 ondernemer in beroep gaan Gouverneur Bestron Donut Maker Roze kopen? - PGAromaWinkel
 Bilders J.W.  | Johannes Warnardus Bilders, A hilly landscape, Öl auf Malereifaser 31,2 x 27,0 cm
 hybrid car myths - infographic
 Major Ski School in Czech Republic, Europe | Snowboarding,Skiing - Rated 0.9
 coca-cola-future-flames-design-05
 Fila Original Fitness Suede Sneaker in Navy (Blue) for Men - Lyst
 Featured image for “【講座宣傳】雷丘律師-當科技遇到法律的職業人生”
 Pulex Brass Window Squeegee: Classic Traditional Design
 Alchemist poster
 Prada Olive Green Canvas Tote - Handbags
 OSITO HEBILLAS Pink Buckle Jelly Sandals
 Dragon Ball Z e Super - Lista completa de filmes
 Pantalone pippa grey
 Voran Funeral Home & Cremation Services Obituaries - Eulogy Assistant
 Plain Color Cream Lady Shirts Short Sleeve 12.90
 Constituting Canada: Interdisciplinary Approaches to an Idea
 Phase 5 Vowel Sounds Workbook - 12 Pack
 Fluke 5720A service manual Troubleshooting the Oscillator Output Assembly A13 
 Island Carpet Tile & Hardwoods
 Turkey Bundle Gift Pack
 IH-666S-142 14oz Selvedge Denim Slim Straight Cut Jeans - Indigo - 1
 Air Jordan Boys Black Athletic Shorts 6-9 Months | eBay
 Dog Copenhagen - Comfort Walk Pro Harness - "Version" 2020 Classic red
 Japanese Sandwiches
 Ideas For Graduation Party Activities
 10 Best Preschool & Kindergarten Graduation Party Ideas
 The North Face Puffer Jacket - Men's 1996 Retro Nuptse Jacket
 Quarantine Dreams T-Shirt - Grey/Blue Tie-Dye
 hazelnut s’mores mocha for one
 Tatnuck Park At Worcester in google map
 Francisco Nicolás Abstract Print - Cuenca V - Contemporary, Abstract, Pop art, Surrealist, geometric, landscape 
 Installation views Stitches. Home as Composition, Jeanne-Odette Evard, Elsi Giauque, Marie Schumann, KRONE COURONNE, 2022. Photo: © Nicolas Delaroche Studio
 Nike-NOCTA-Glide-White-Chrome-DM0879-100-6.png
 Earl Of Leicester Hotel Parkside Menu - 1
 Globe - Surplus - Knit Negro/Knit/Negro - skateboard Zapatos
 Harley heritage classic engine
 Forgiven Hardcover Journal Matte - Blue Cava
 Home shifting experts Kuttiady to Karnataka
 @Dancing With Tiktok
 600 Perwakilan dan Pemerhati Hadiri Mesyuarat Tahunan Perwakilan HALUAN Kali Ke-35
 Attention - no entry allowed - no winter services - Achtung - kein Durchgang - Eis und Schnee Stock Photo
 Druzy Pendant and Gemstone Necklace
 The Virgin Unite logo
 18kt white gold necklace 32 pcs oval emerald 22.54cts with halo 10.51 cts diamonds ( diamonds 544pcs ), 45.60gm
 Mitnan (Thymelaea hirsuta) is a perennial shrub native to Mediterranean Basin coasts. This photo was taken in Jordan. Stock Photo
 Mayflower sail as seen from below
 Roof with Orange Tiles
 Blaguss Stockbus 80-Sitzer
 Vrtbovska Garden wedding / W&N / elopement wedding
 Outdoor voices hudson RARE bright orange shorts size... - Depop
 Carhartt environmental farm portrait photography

::::::::::

Copy here each line of the preceding records with "Blue" in it.

 Fila Original Fitness Suede Sneaker in Navy (Blue) for Men - Lyst
 Quarantine Dreams T-Shirt - Grey/Blue Tie-Dye
 Forgiven Hardcover Journal Matte - Blue Cava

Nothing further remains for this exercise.